CASE B Raquel Tato commands

· Input features:

P1.0-P1.37 37 prosodic features consisting of energy and fundamental frequency, fundamental frequency derivative contour and jitter.

· Output features

Happy and Angry (1 0 0), Neutral (0 1 0), Sad and Bored (0 0 1)

Ø Conditions

· Normalized by maximum of all the patterns in the training set

· Hidden layers HD1=10 HD2=5; logistic activation function; Standard Backpropagation and Backpropagation with Chunkwise update learning algorithms with multiple step training.

· WTA (Winner Takes All) Analysis function.

Ø Results and conclusions

Neutrals seem to be more corrupted or confused since the test uses the combination of commands and stories. Bored/sad and neutral are confused more often than angry, which might indicate that bored sad and neutral might lie closer to each other on the activation plane as compared to angry and neutral. This is my hypothesis for the moment from this experiment.

	Happy/Angry	Neutral	Bored/Sad
Happy/Angry	92.28	6.23	1.48
Neutral	17.86	43.45	38.69
Bored/sad	2.24	13.42	84.35

Table 4‑4 Confusion matrix of 4.3.2a (stories and commands) for the Chunk learning algorithm

Average = 73.123734

Chart 4‑4 Graphical representation of Table 4-4

While comparing Table 4‑4 and Table 4‑5, it can be inferred that the hypothesis suggesting that emotional content was present in Stories recordings is true since the confusion on the Neutral row is much higher in Table 4‑4.

	Happy/Angry	Neutral	Bored/Sad
Happy/Angry	85.20	14.80	0.00
Neutral	8.16	75.51	16.33
Bored/sad	1.53	21.43	77.04

Table 4‑5 Confusion matrix of 4.3.2b (Commands) for the Stdbp learning algorithm

Average = 79.251701

Chart 4‑5 Graphical representation of Table 4-5

4.4 Prosodic Experiments with Thomas’ Data

The following experiments are derivatives from the experiment of page 207 in Rocio’s thesis. The objectives of these experiments is to first train and test the neural network with the raw data (.NIST files) and later on make comparative results with data mixed with noise (.e000.m3.NIST).

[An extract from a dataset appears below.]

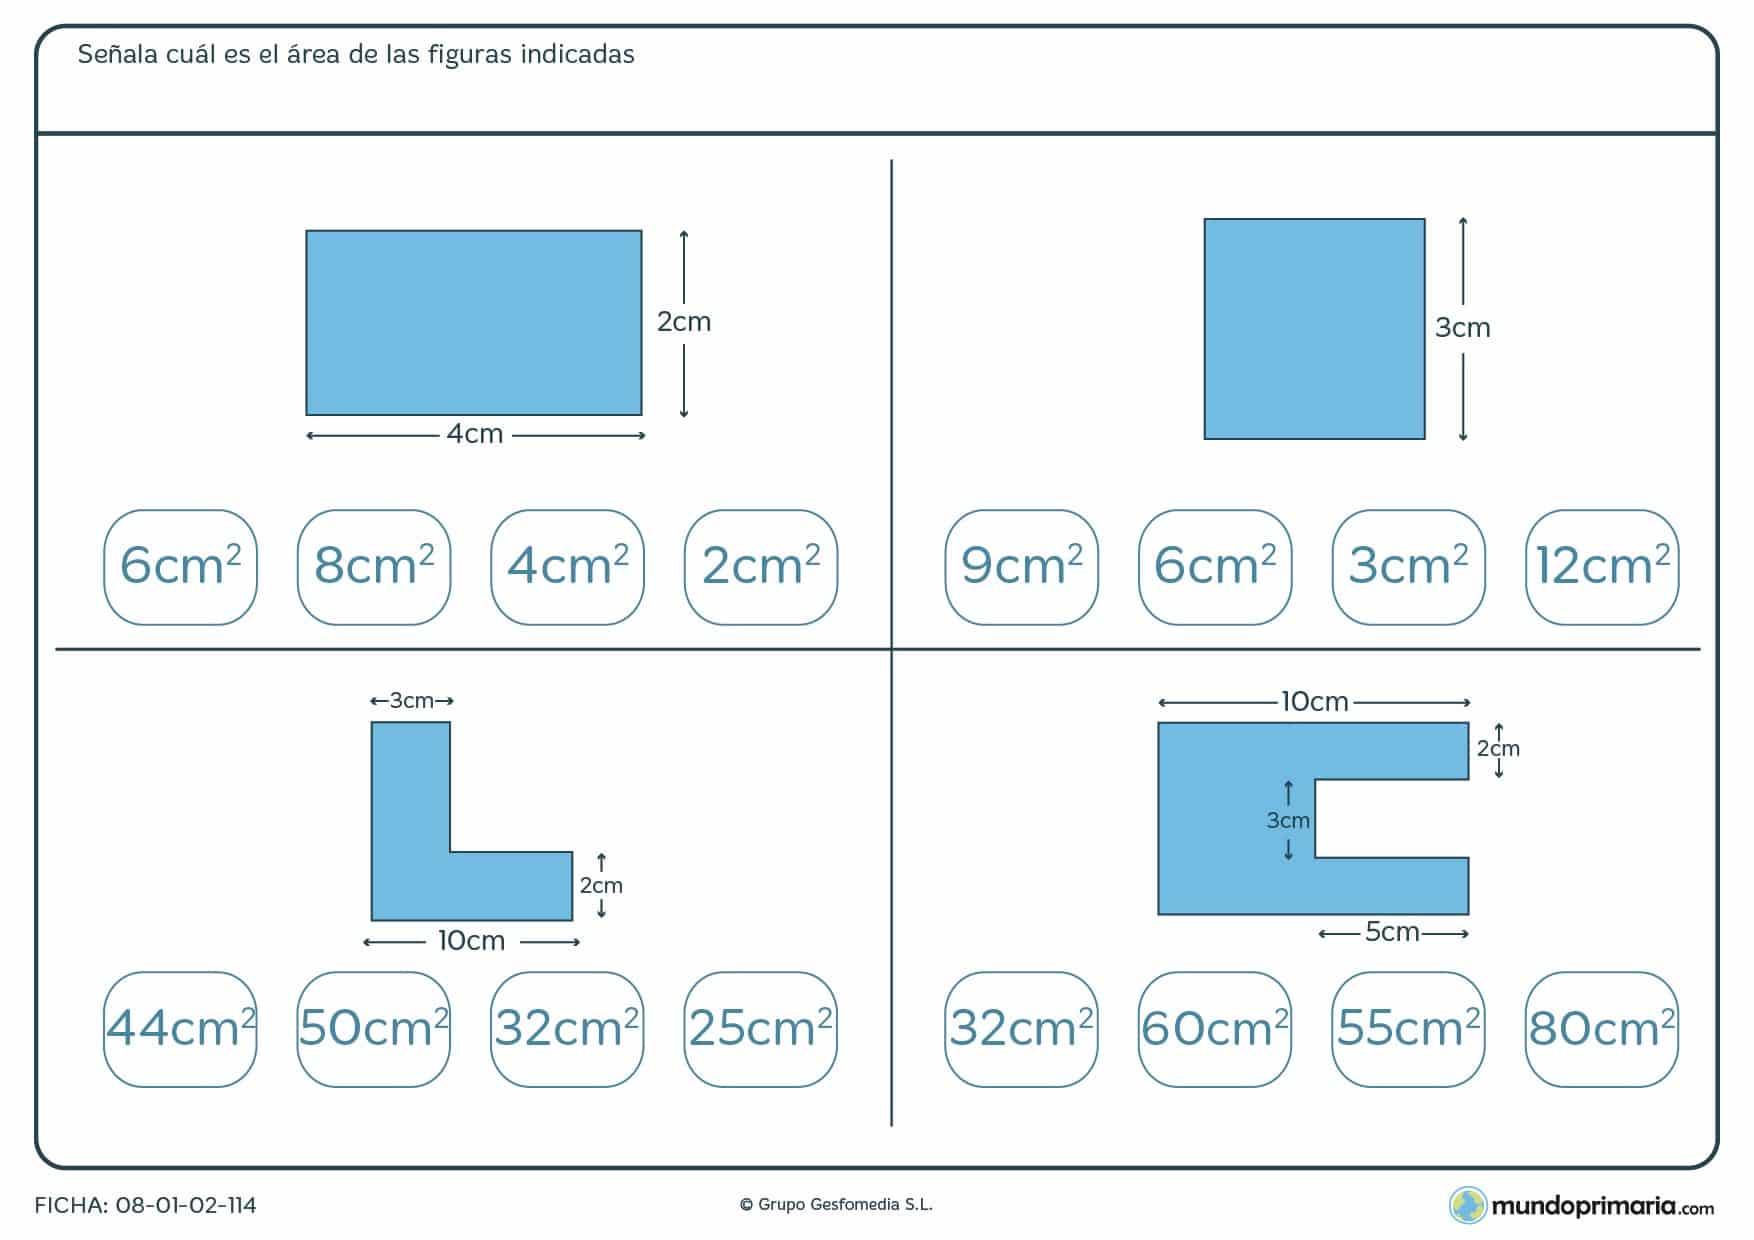 Ficha de área de figuras geométricas que tienes que resolver con los datos que te facilitamos.

The organization of the experiments is based on the number of patterns introduced to the NN. In other words, I have divided this section into 3 parts.

· The first case is making use of all the data from Thomas, including stories and commands. (.NIST files)

· The second case is making use of all data from stories and only neutral emotions from commands. (.NIST files)

· The third case is making use of all data from Thomas stories and only neutral emotions from commands mixed with noise. (.e000.m3.NIST)

I have abbreviated the conventional way of dividing the pattern files into seventy percent, fifteen percent and fifteen percent for training, evaluation and testing as the 70-15-15 method.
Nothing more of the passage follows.